Text file containing the locations of the input sequences as well as their phylogenetic tree. The tree will be used to progressively decompose the alignment by iteratively aligning sibling genomes to estimate their parents in a bottom-up fashion. If the tree is not specified, then a star-tree will be assumed (a single root with all leaves connected to it) and all genomes will be aligned together at once. The file is formatted as follows:

NEWICK tree (optional)
name1 path1
name2 path2
...
nameN pathN

An optional * can be placed at the beginning of a name to specify that its assembly is of reference quality. This implies that it can be used as an outgroup for sub-alignments. If no genomes are marked in this way, all genomes are assumed to be of reference quality. The star should only be placed on the name-path lines and not inside the tree.

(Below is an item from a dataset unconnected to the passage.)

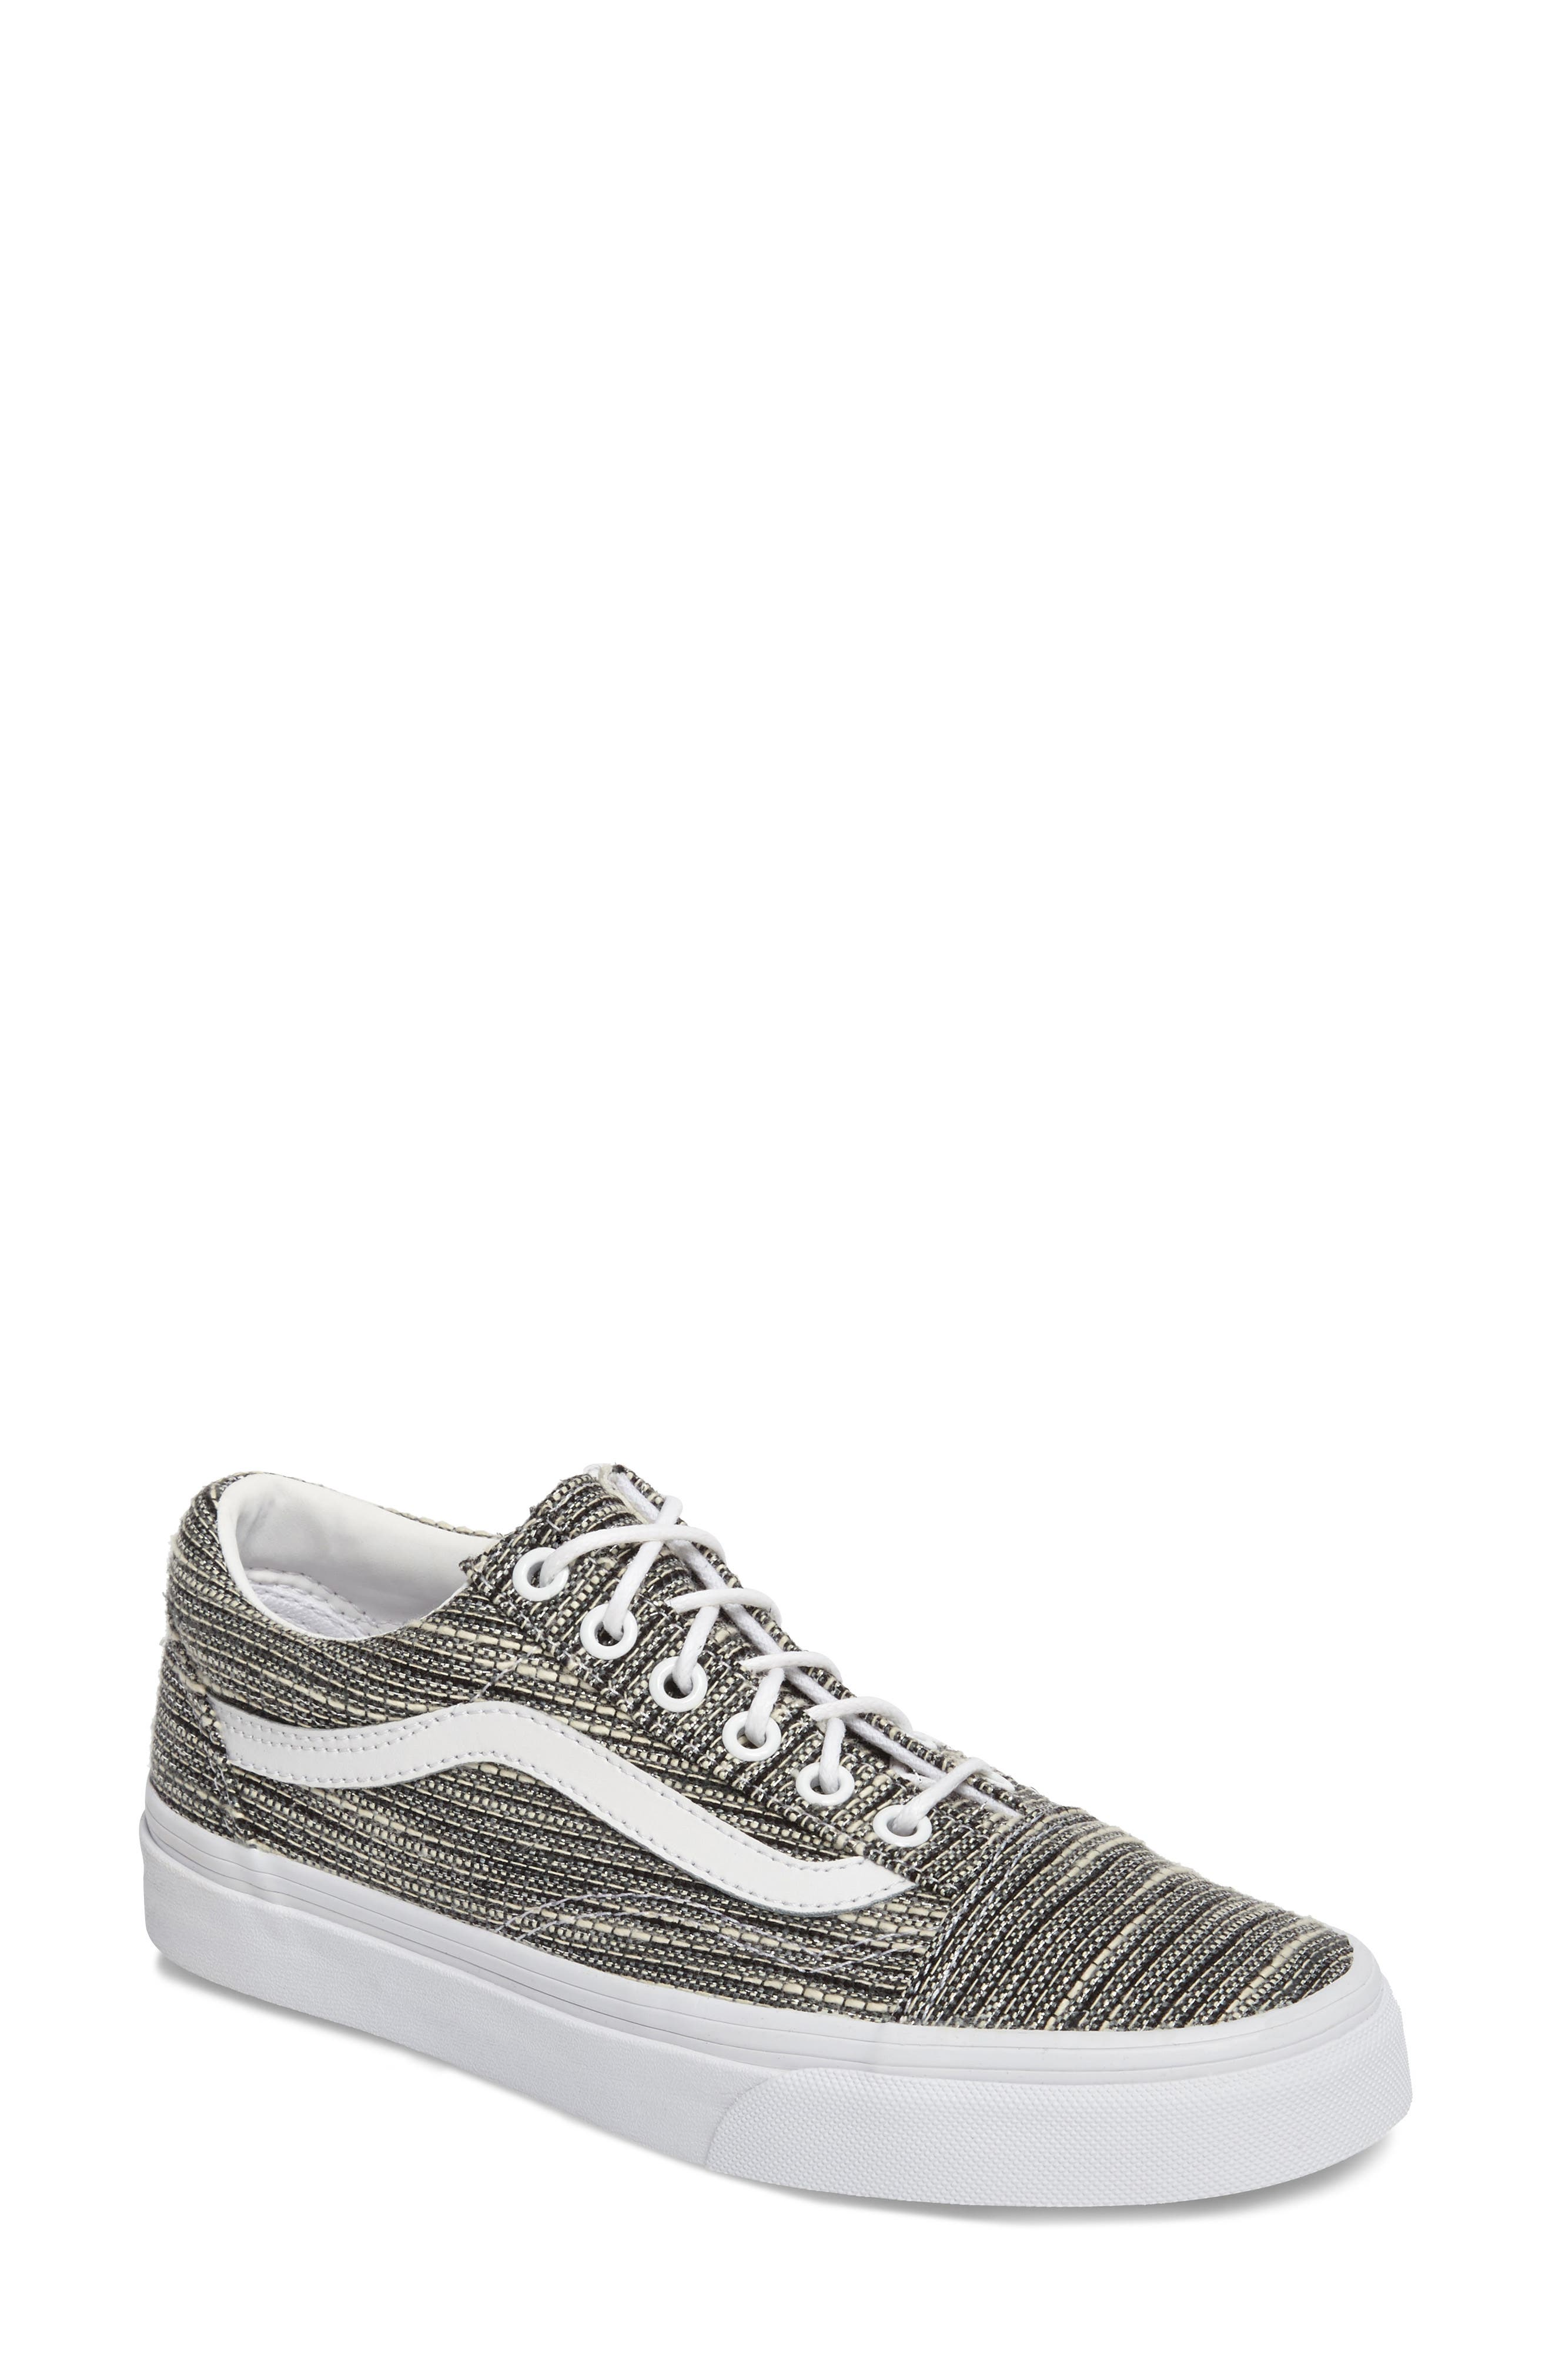 Alternate Image 1 Selected - Vans Old Skool Sneaker (Women)

  • The tree, if specified, must be on a single line. All leaves must be labeled and these labels must be unique. Labels should not contain any spaces.
  • Branch lengths that are not specified are assumed to be 1
  • Lines beginning with # are ignored.
  • Sequence paths must point to either a FASTA file or a directory containing 1 or more FASTA files.
  • Sequence paths must not contain spaces.
  • Sequence paths that are not referred to in the tree are ignored
  • Leaves in the tree that are not mapped to a path are ignored
  • Each name / path pair must be on its own line
  • Paths must be absolute

Example:

  # Sequence data for progressive alignment of 4 genomes
  # human, chimp and gorilla are flagged as good assemblies.  
  # since orang isn't, it will not be used as an outgroup species.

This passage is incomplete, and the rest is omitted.